Чёрт…Голова раскалывается, тошнит и перед глазами всё плывёт. И фигня вокруг какая-то… Где я нахожусь-то? Камера, или…палата?! Если судить по зарешеченному окну под потолком, то однозначно — камера. А по остальным деталям окружающего — палата для буйных пациентов, такие я в кино видел. Стены, пол, дверь — всё оббито материало, напоминающим мягкий войлок, светло-серого, почти белого цвета. Лежак, на котором лежу, покрыт тем же материалом. С трудом приняв вертикальное положение, я осмотрел себя. Да-а-а. Веселуха. Из одежды — кальсоны да нижняя рубаха. Всё фланелевое, без завязок и пуговиц. Блин, да что я пил вчера? Ни черта не пом…. Олеся!!! Как я стоял, так и рухнул на пол. Олесю убили! Перед глазами всплыл вчерашний день…
Быстро добравшись от Иванова до Москвы, я заехал в Управление, но наших на месте не было. Отметился у дежурного и направился домой. Увидел, как подъехал Мартынов, с несколькими крепкими ребятами. Вспомнилось, какое мёртвое лицо было у Александра Николаевича. И ведь не ёкнуло ничего в груди, не почувствовалось! Улыбаясь подхожу к нему, и будто в стену, упираюсь в его взгляд. А там жуткая смесь из боли и вины, что мне стало не по себе. Я открыл рот, хотел что-то сказать, но только беззвучно шевелил губами, уже понимая — случилось что-то страшное! А потом, слова Мартынова. Каждое из которых убивало часть души.
— Андрей, — срывающимся голосом произнёс он, — Постарайся оставаться спокойным и дослушать меня до конца… Мне трудно об этом говорить, но… — он мотнул головой, словно отгоняя какие-то неприятные мысли, — Олеся погибла, Зильберман и Орлов ранены, нападавшие…
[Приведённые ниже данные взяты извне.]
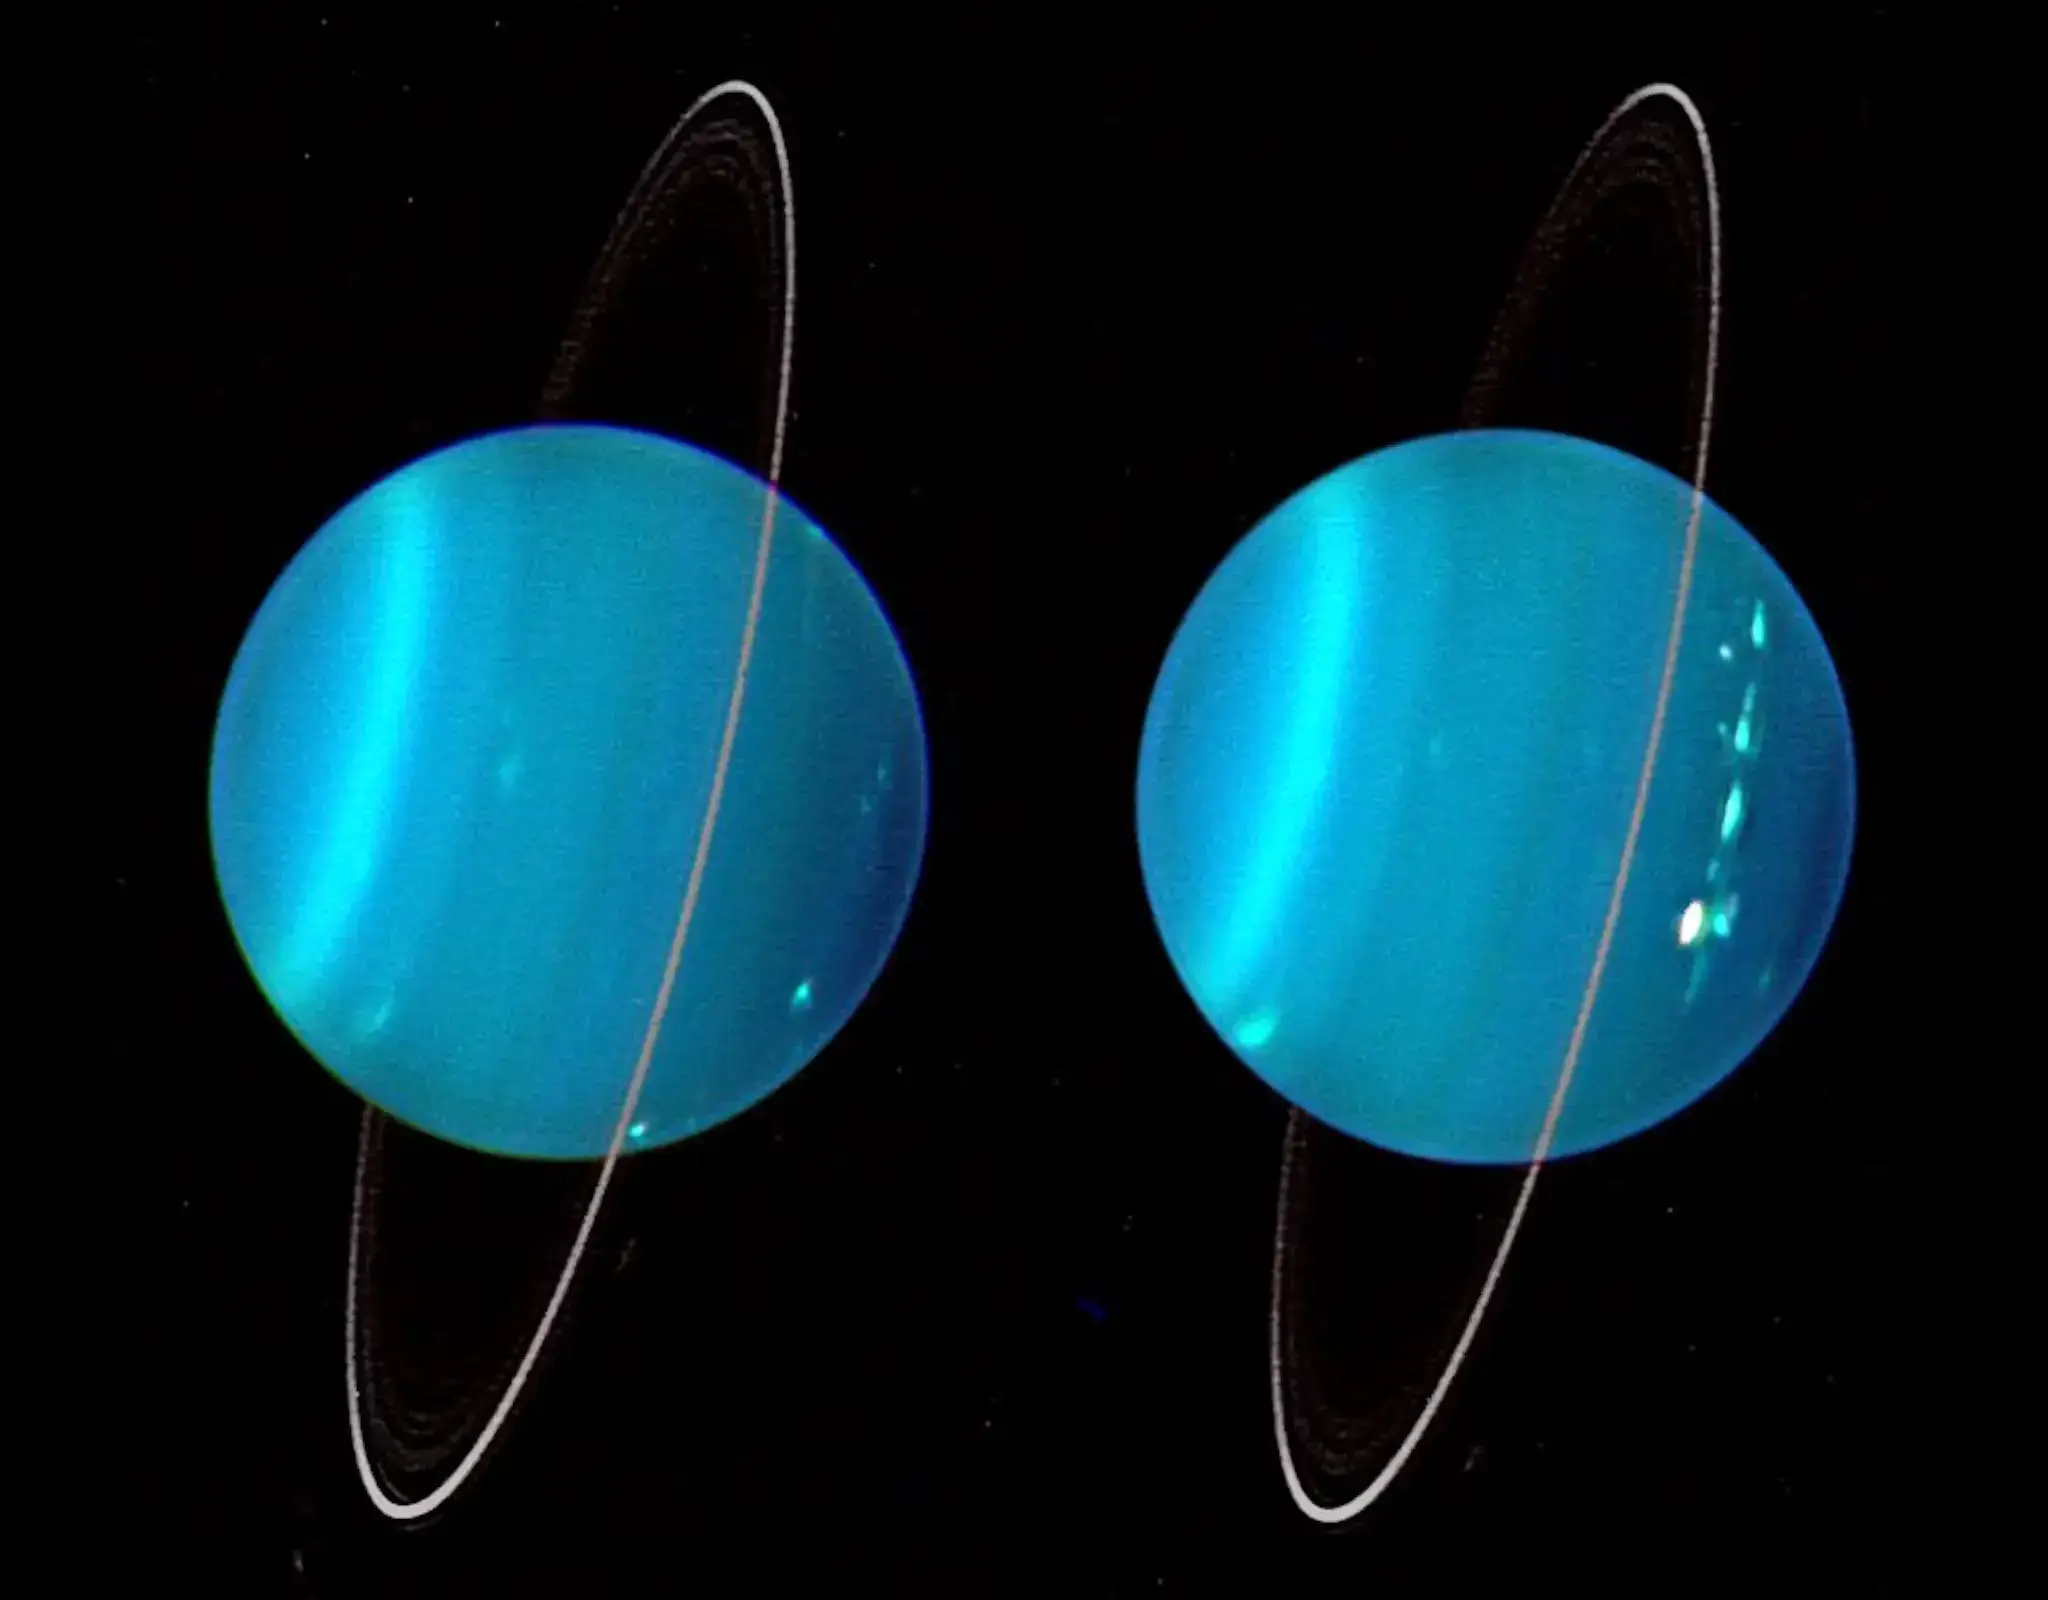 The faint rings of Uranus

Я слышал, что он произносит какие-то звуки, но не понимал их смысла. Перед глазами всё плыло и дрожало, лицо Мартынова то увеличивалось до размеров целого мира, то сжималось в точку. А потом…потом толком не помню. Помню что-то кричал, потом бился в чьих-то крепких руках. Потом, помню вкус спирта, который пился как вода и какой-то белый порошок…
Значит вот как? Понаблюдаем и возьмём всех! Прав был Черномырдин, всё у нас 'как всегда' получается! От нахлынувшей злости и тоски аж застонал, сжав зубы так, что почувствовал крошки эмали, наполнившие рот. Ну как же так?! Как теперь жить буду?! От начинающейся истерики меня спас звук открывающейся двери. В 'камеропалату' вошли Иванов и Мартынов. Спокойные, подтянутые, только у Мартынова губа опухшая, а в остальном — хоть на картинку с подписью, что именно так должен выглядеть сотрудник НКВД. Что-то я не помнил этой детали с губой. Или это я?! Чёрт! Ещё и это!